Cord knew there was no point in following the trail. Whoever had done this despicable thing was long gone by now, but he went to the end of the alley just to satisfy Sharon Lynn. The footprints ended at the curb around the corner. A melted patch in the midst of all the snow indicated someone had left an engine running for a few minutes at least. Skid marks in the fresh snow suggested that whoever had driven away had probably heard the store’s back door open and left in a hurry.
By the time Cord got back inside, Sharon Lynn was holding a squalling, wide-awake baby in her arms as naturally as if this were something she did every day. The look of awe and concern on her face was enough to take his breath away. For one wild and improbable second, he imagined that she was his, the baby theirs. In that instant, with a certainty that stunned him, he knew that whatever it took, somehow he would make it happen.
Over the years he had seen too many of life’s most valuable treasures slip through his daddy’s fingers. Hawk Branson had lost his wife—Cord’s mama—to another man. He’d lost a fortune and most of the payments on the family ranch to the bottle. There’d been pitifully little left for Cord, once all the debts had been settled. Watching Hawk’s downfall had made Cord an impatient man.
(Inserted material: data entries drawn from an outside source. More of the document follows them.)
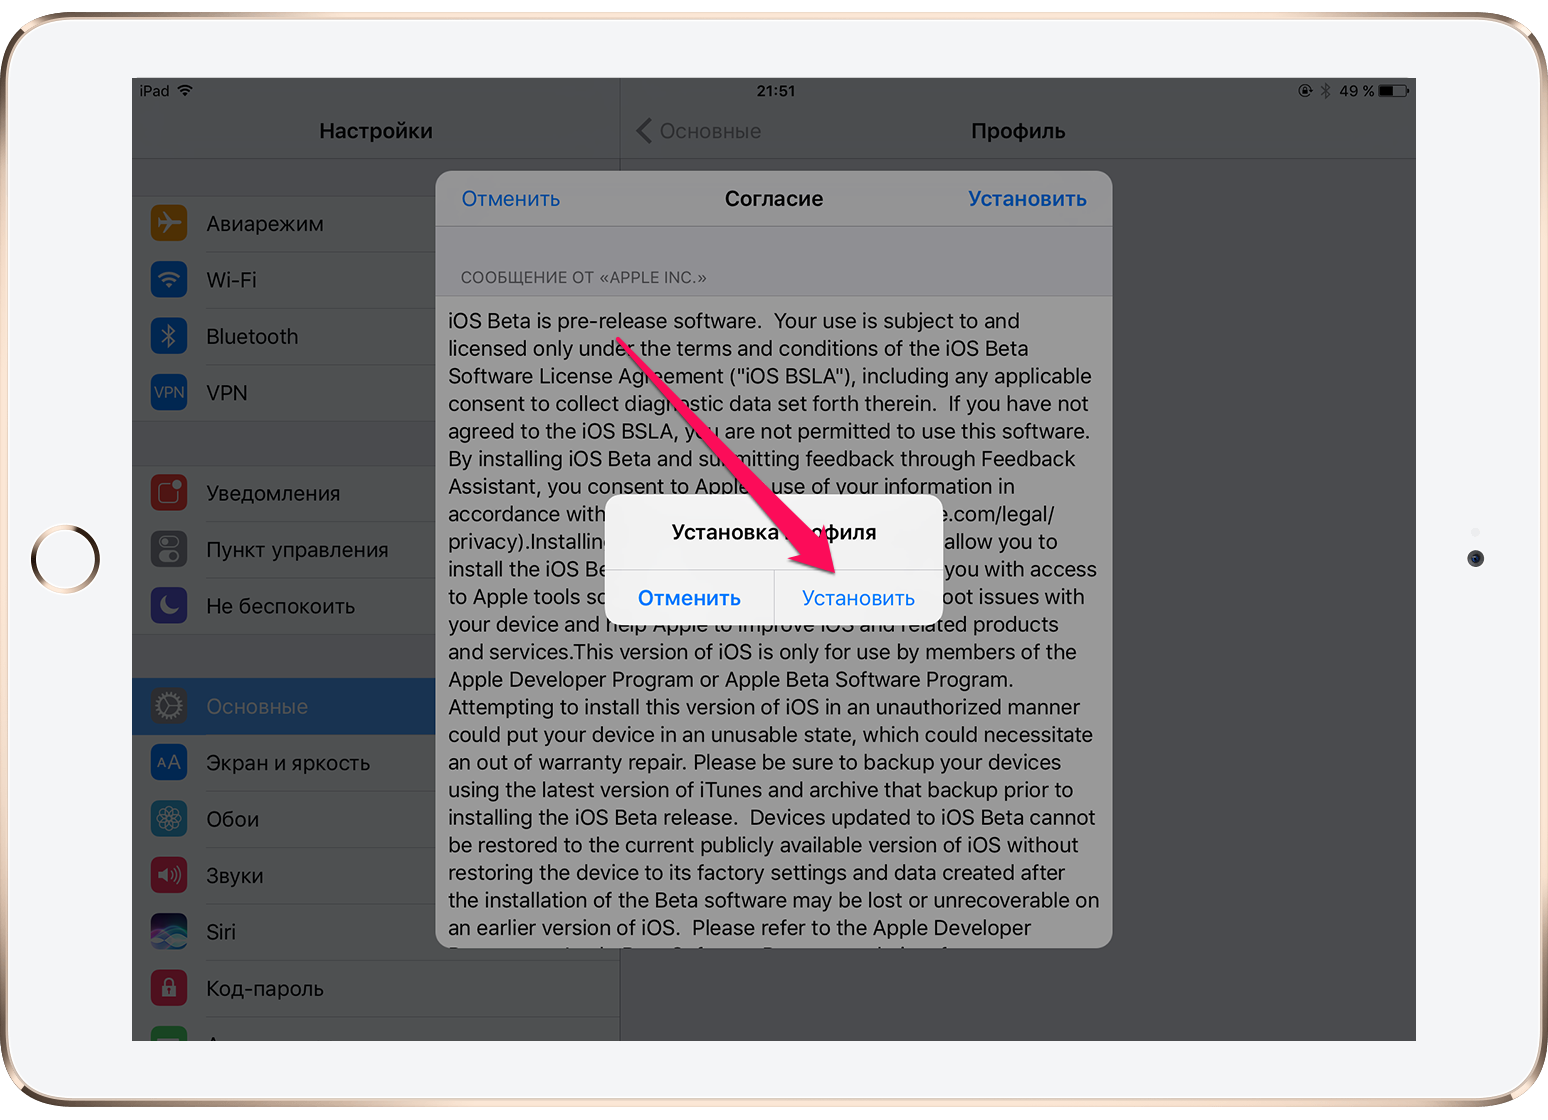 Как установить iOS 10.3 beta 1 без учетной записи разработчика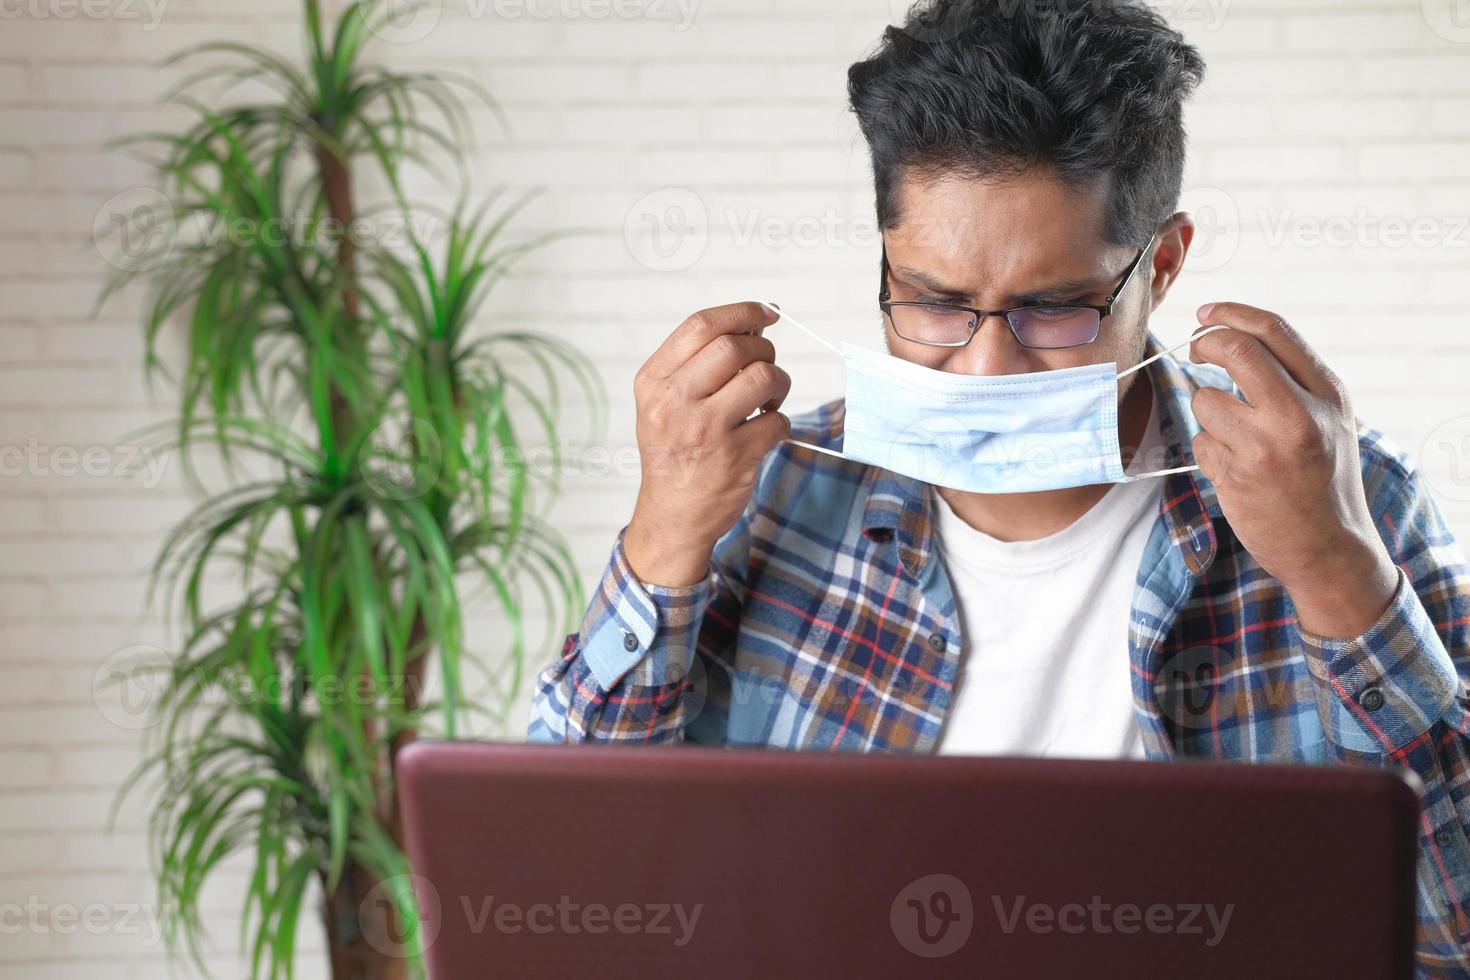 jonge bedrijfspersoon die beschermend masker draagt tijdens het werken op laptop foto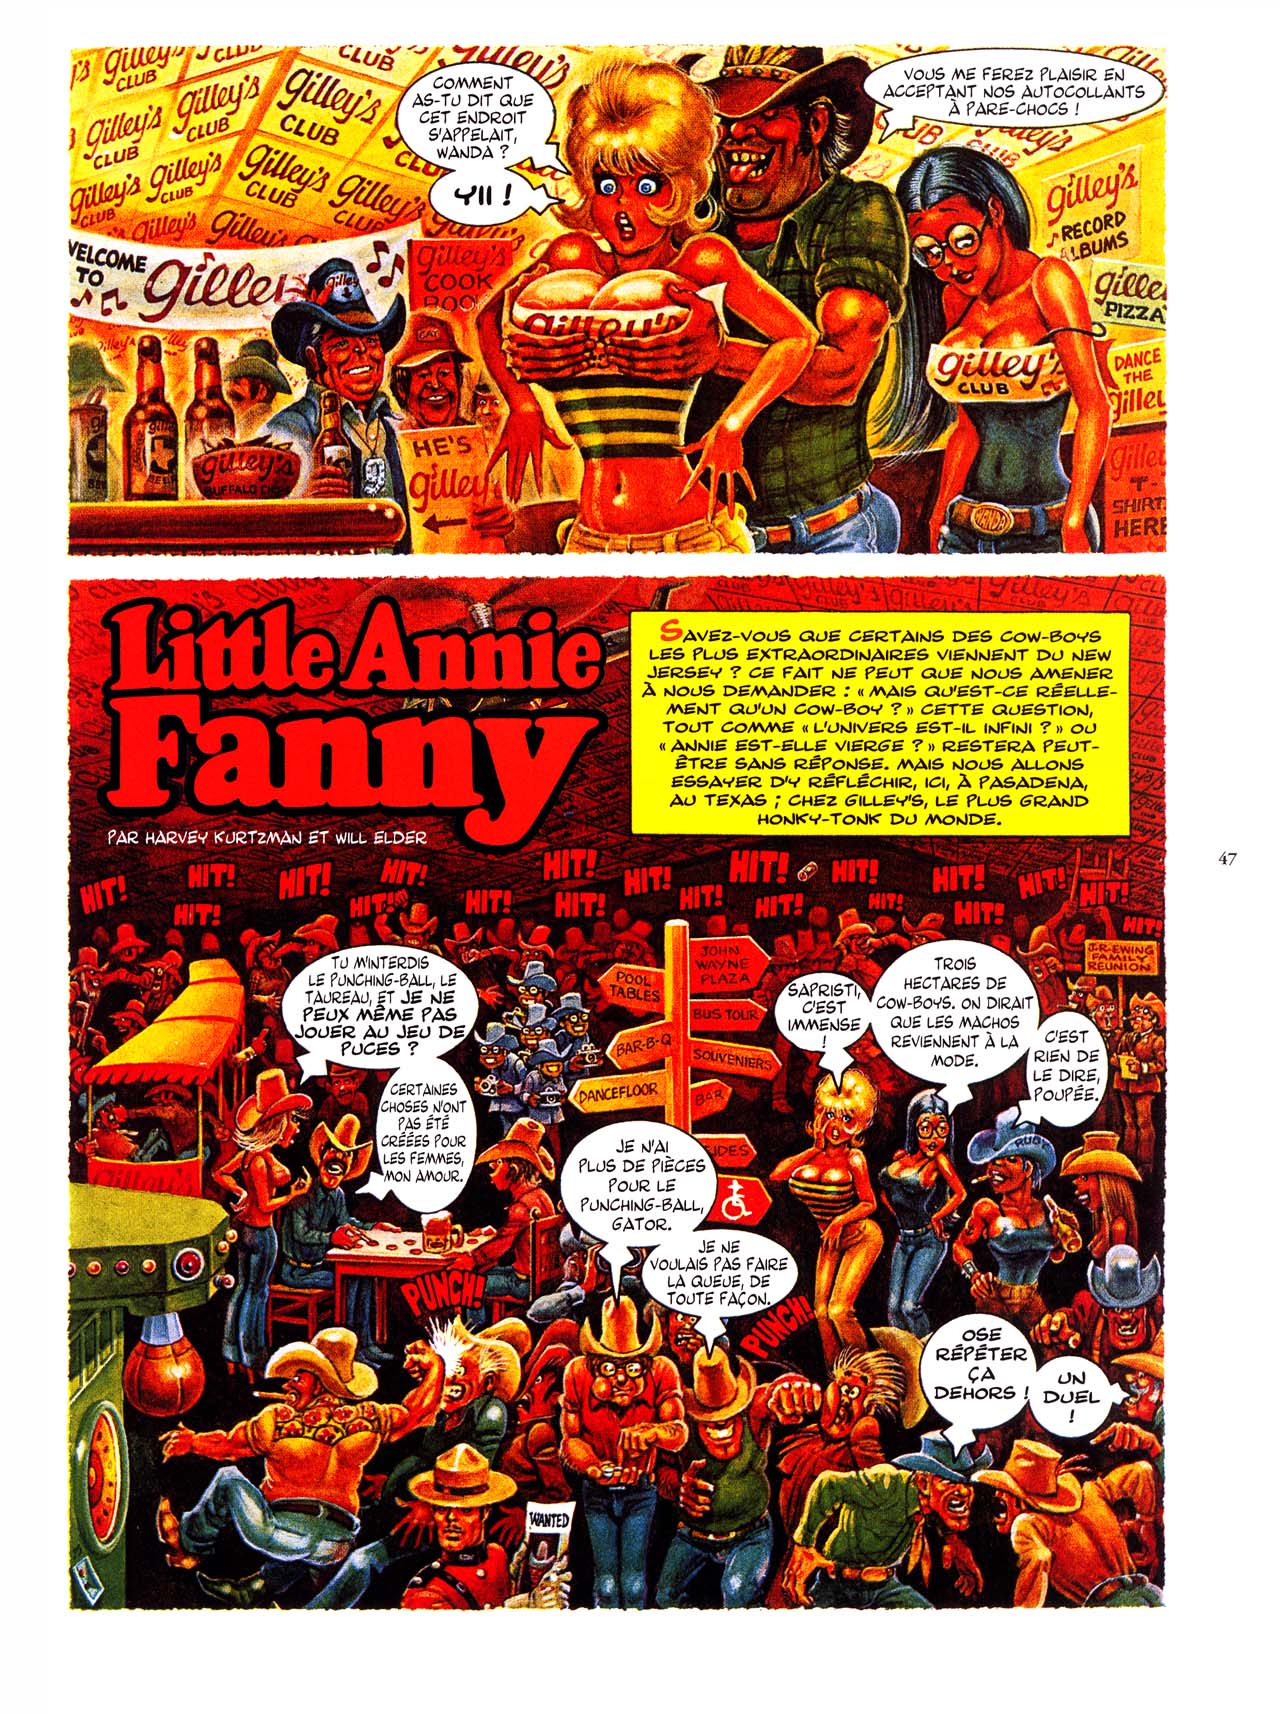 Little Annie Fanny - 04 - 78-88 numero d'image 48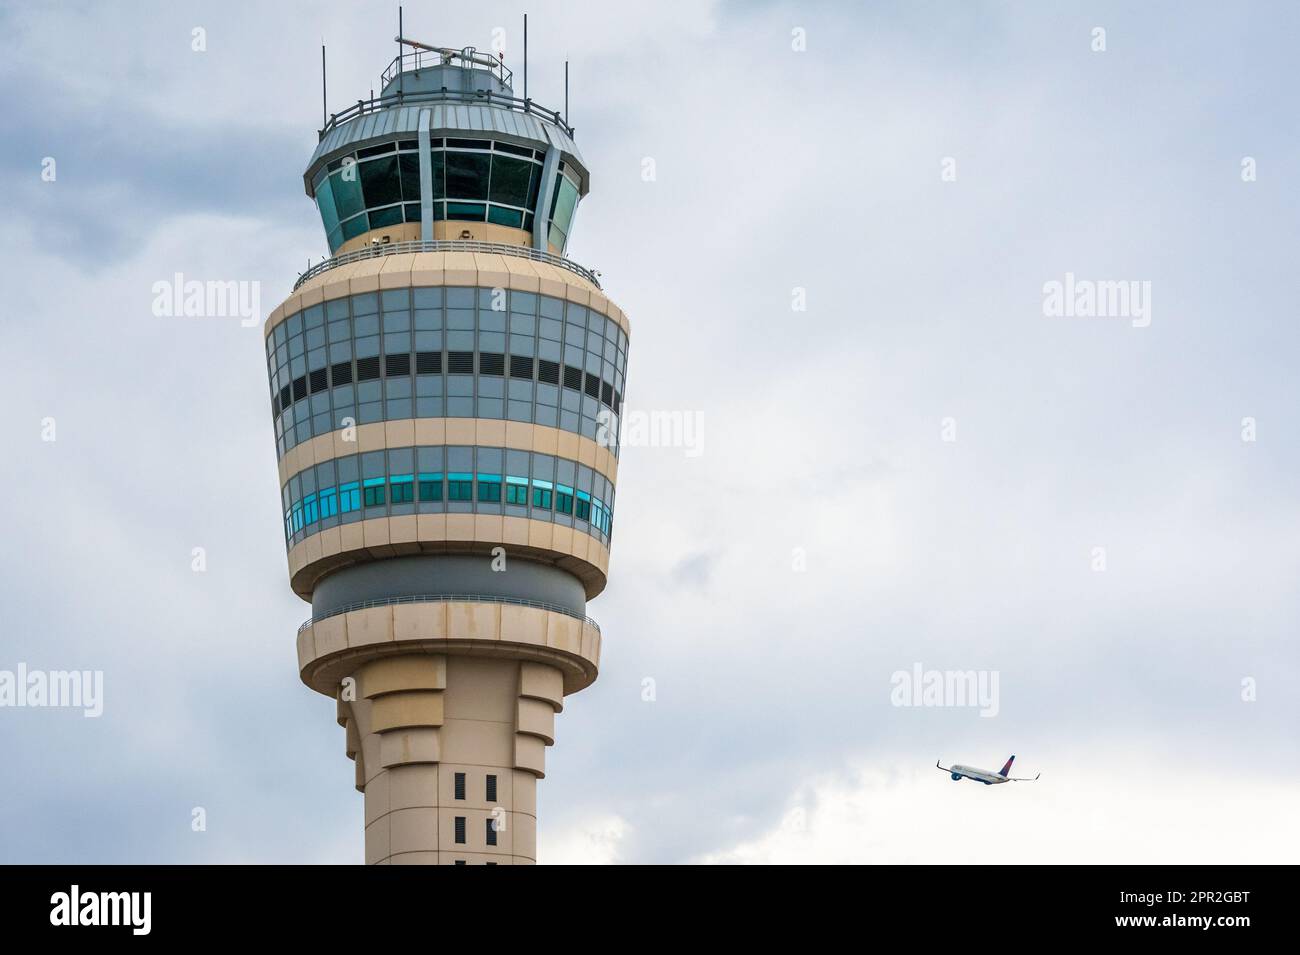 Le jet de Delta Air Lines monte dans les nuages au-delà de la tour de contrôle de la circulation aérienne à l'aéroport international Hartsfield-Jackson d'Atlanta, en Géorgie. Banque D'Images

When he spotted something he wanted, he went after it with a no-holds-barred vengeance. He had come here intending to claim a place for himself at the famed White Pines ranch, vowing to work harder and longer than any other hand.
He could have stayed in Montana and tried to save his daddy’s spread. The local bankers trusted him. They knew he wasn’t anything like his daddy. But there were too many defeats and bad memories associated with the place. He’d wanted a fresh start, not just as a hand at a truly successful ranch where he could learn everything there was to know about running a decent herd of cattle, but someplace where he could earn enough to buy his own land, acre by acre if he had to. Ownership and self-respect were all tied up together in his head.
Instinctively he’d aimed for Texas and its sprawling cattle ranches. He’d hung out in a bar in Fort Worth and asked questions. He’d gone to a couple of cattle auctions and asked more questions. White Pines and its owners had come up time and again, always accompanied by respectful anecdotes.